6.) Between numbers 4 and 5, I spent a short period on the floor in the fetal position, practicing deep breathing. I had an encounter with one of my children, who shall remain nameless, which resulted in no dessert and no screen time for said child. Now we are both ruing the day we were born because she has no screen time and I have no peace and quiet. No screen time = no bueno. Duly noted. I need to try to come up with a consequence next time that is not so consequential to Mom.
7.) My house is pretty out of control. It reminds me of an MTV reality show where a bunch of teenagers are left alone in a house for weeks with no adult supervision. I’m drowning in the laundry and the clutter and the migrating piles of mess. If you don’t hear from me in a week, send help.
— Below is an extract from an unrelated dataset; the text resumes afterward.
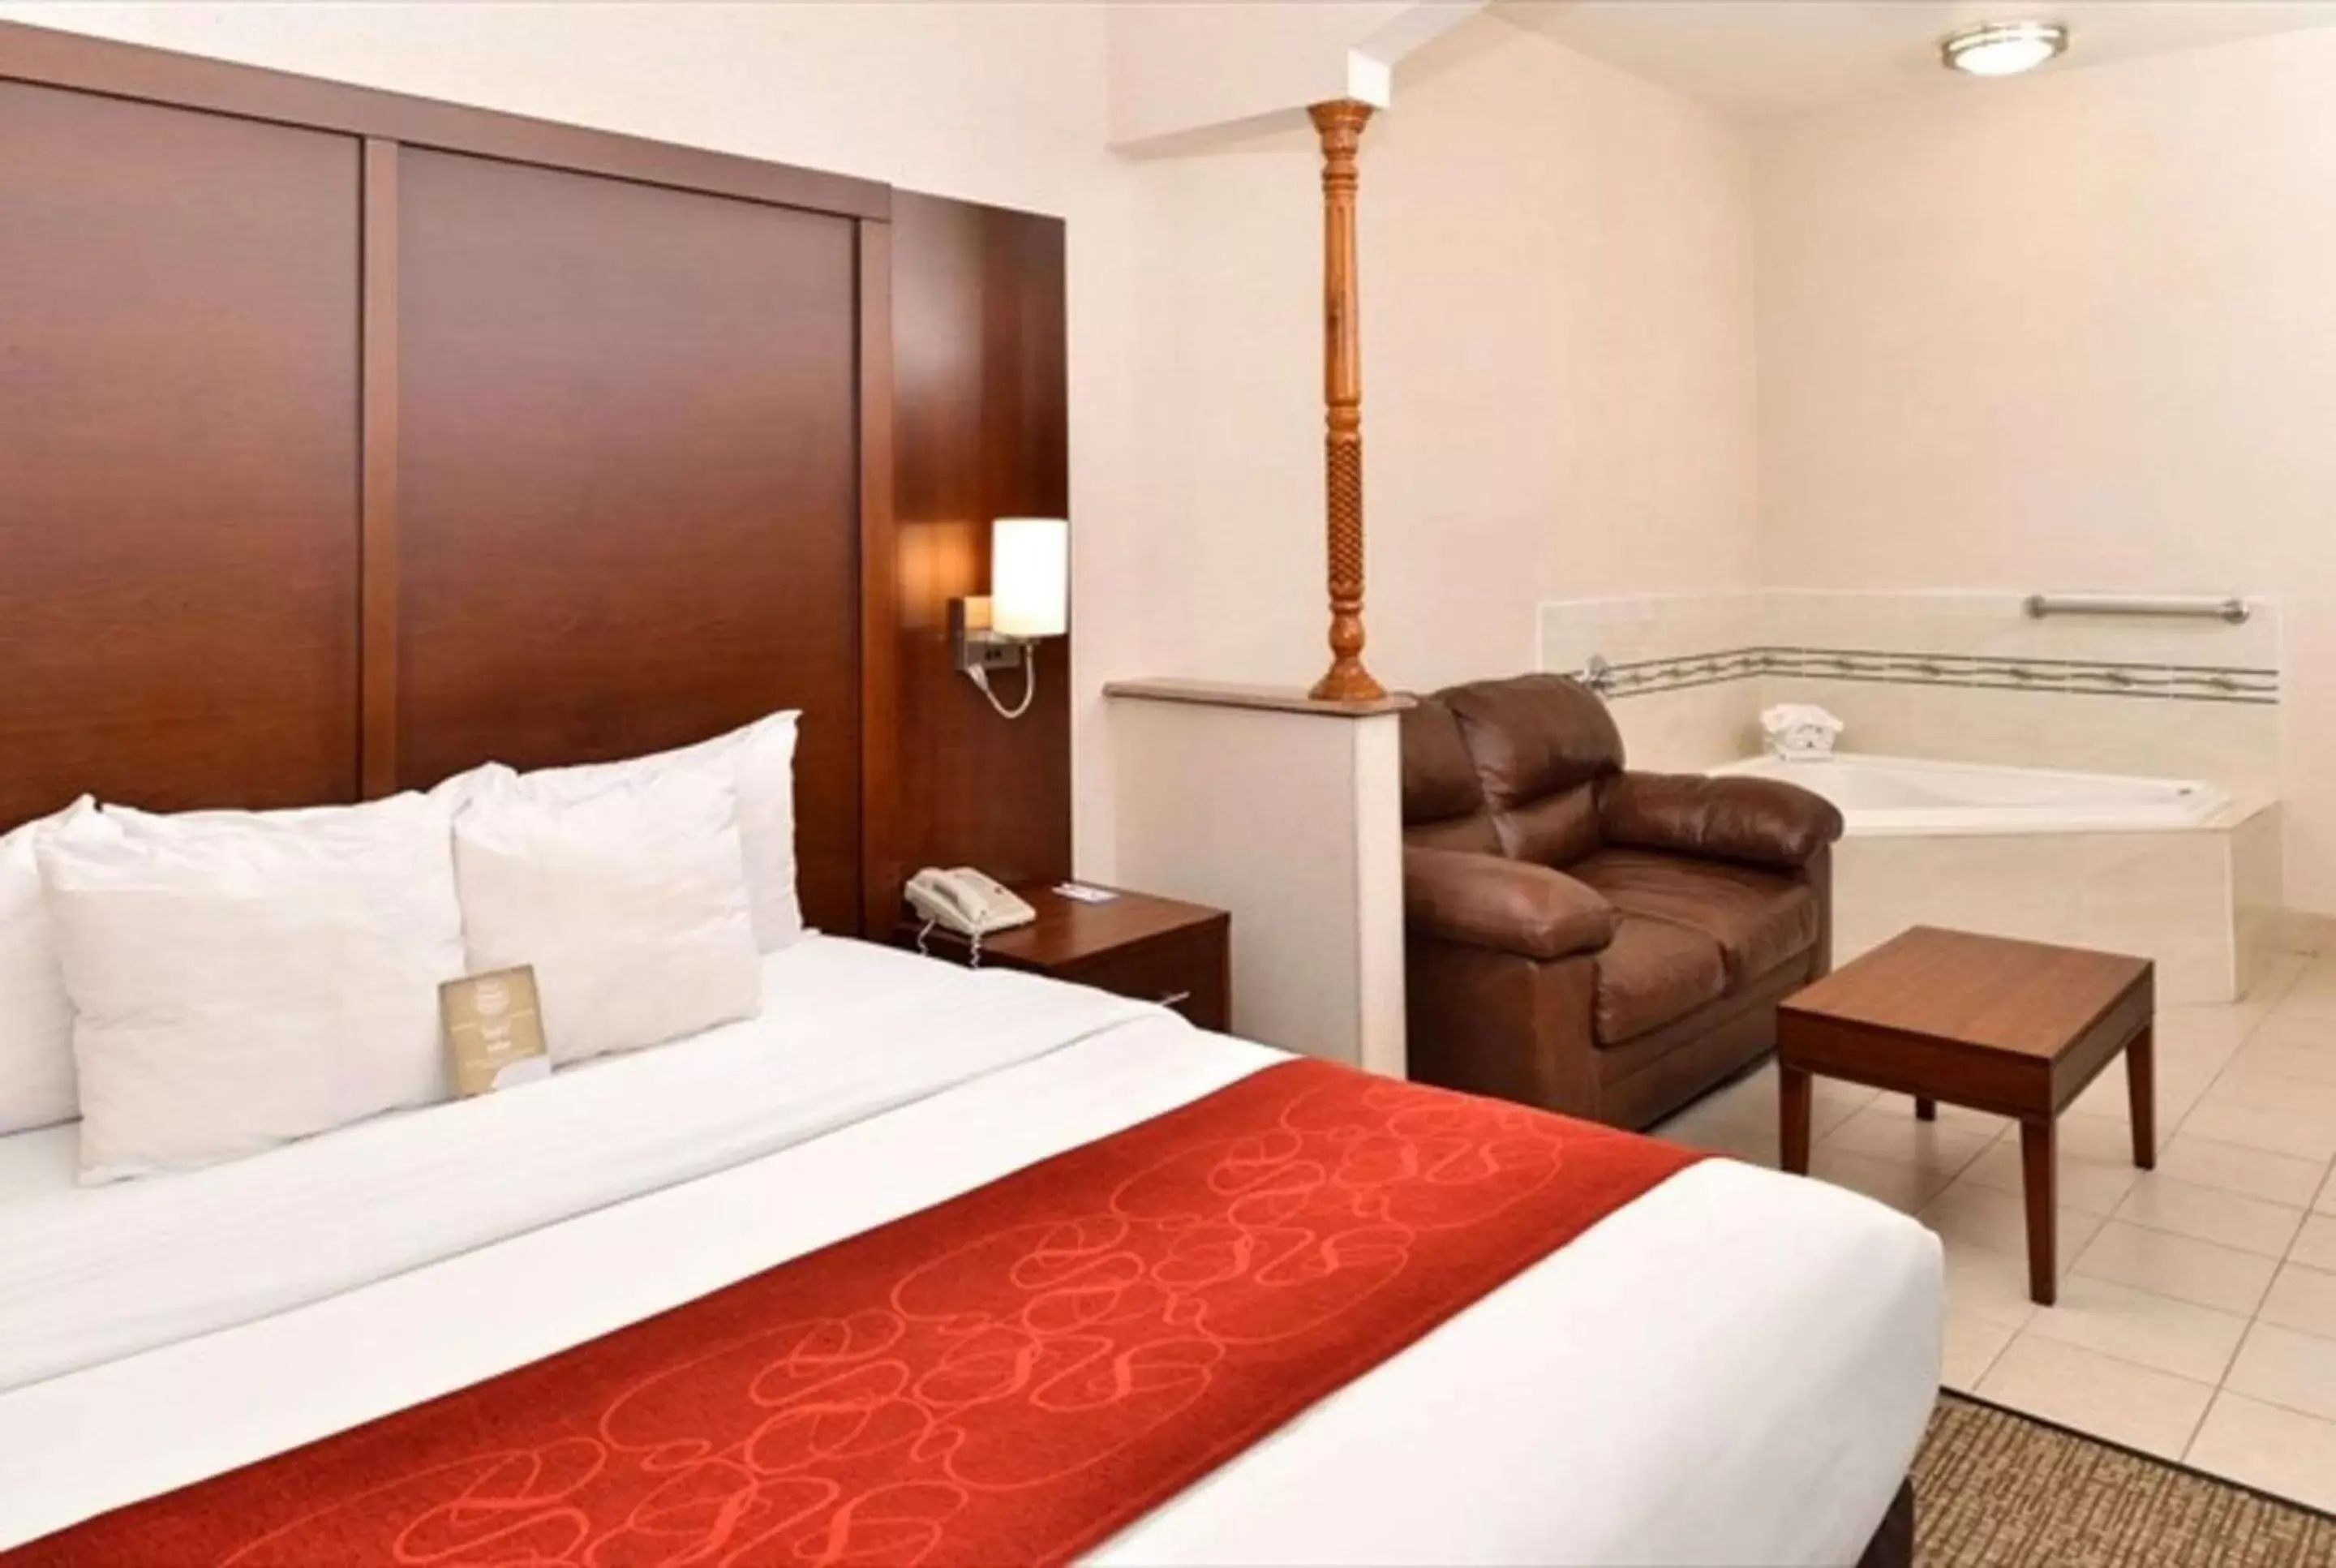 Bed, Room Photo in Comfort Suites Redlands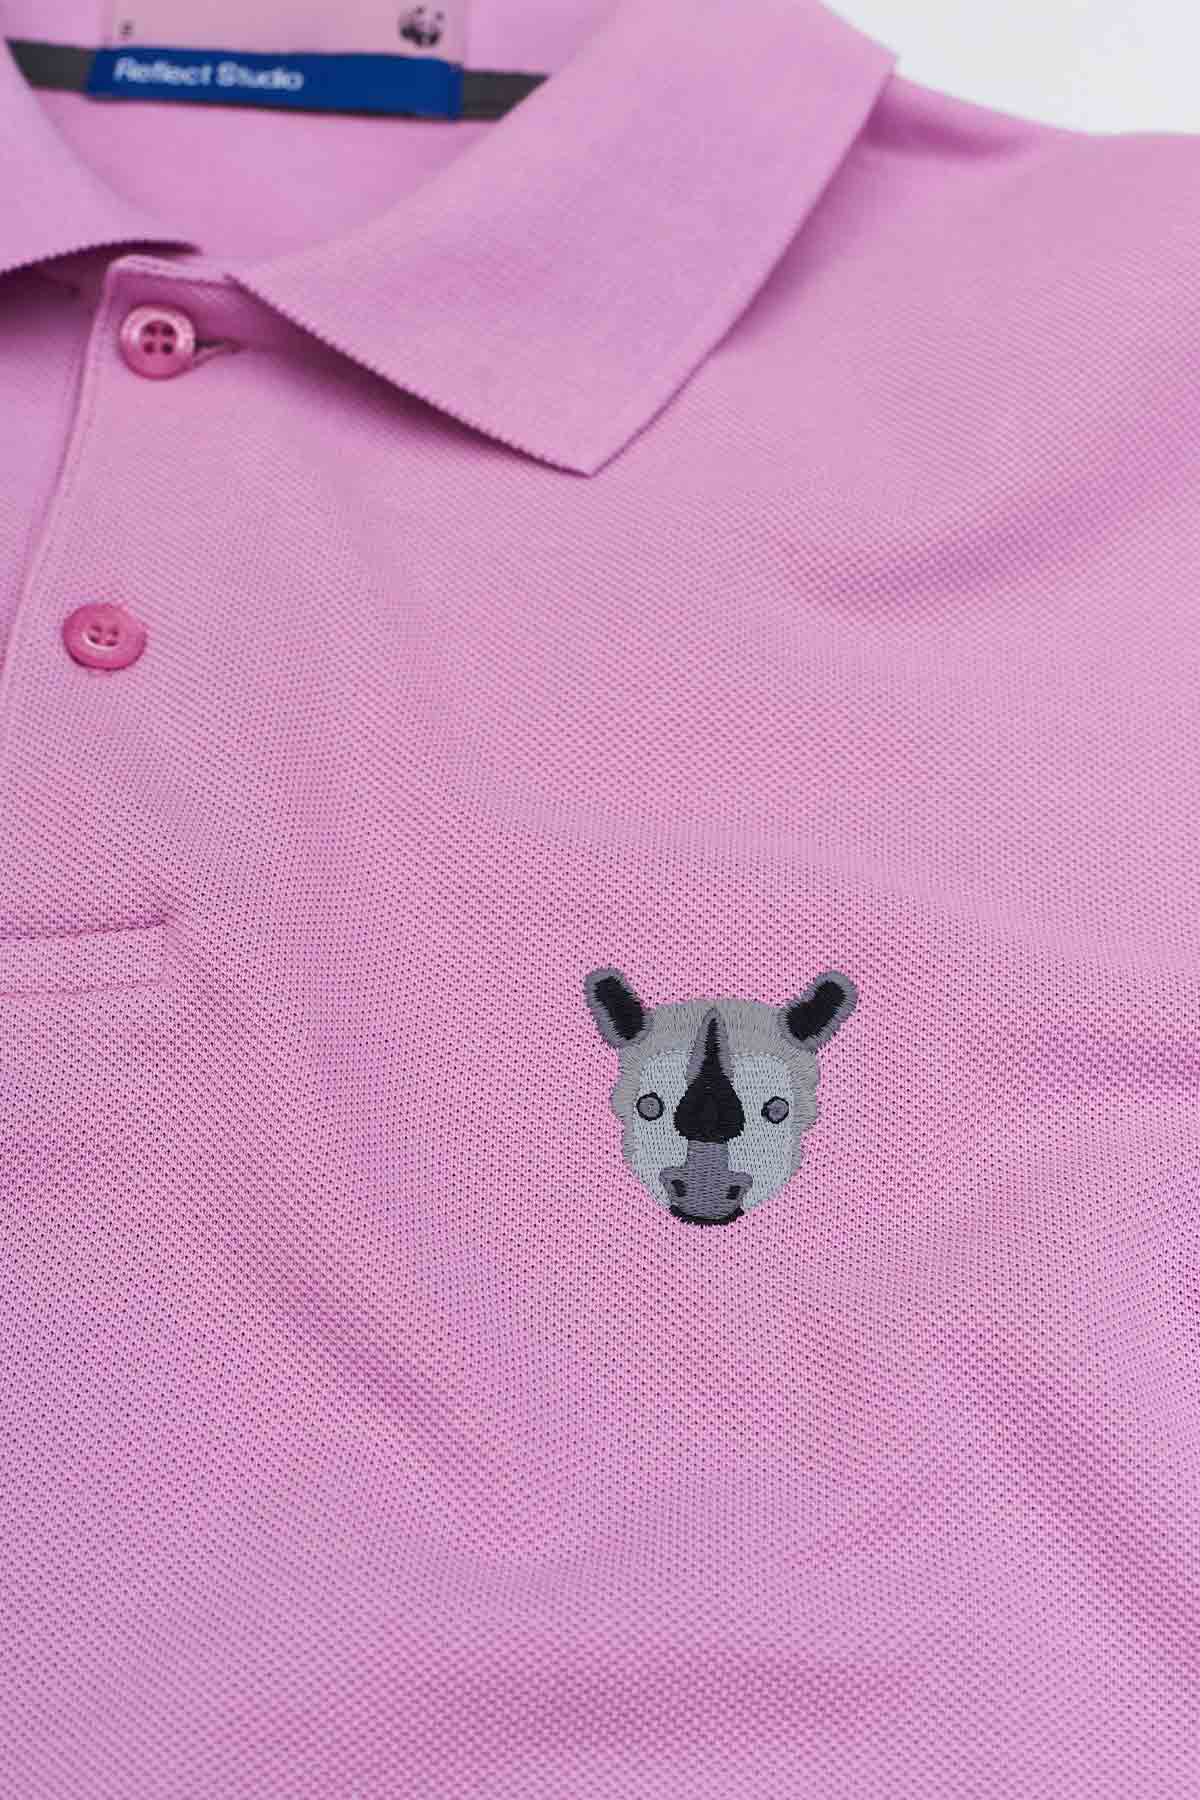 Polo Shirt // Rhino // Flieder

8.) Oh yeah, I forgot about back to school shopping. We did that the other day—er, uh days. I have the battle scars to prove it. The thing about homeschool is you don’t have those handy dandy ready-made lists you can just grab on your way in the store. You have to make up your own list. I’m not really sure how to form the words to express how difficult shopping lists are for me. Ask my husband. I NEVER remember everything that needs to be on the list. And that’s for what we need to eat. To you know, survive. Educating my children is like, let’s see.. one, two, seventy-four steps above survival on the complicated scale, and our current list looks like the Gruffalo. (Hey, maybe we should read “The Gruffalo” the first week of school!) Anyway, I have random laundry baskets, plastic bags, storage totes, closets, and bookshelves full of an assortment of items that I now have to assemble in some sort of organized fashion. Hep me Jesus. [That’s not irreverent cursing, by the way, that’s an actual prayer.]
So, all in all, things are A-ok over here at the Fischer estate. Except, you know, for all the attitudes and sass and sickness and teething and chaos and overdue library books and pre-schoolyear panic. Other than that, right as rain.
Hope you’re enjoying your last few weeks of summer just as much as I am!
That face is my level of enjoyment. You can make of that what you will. Happy Friday!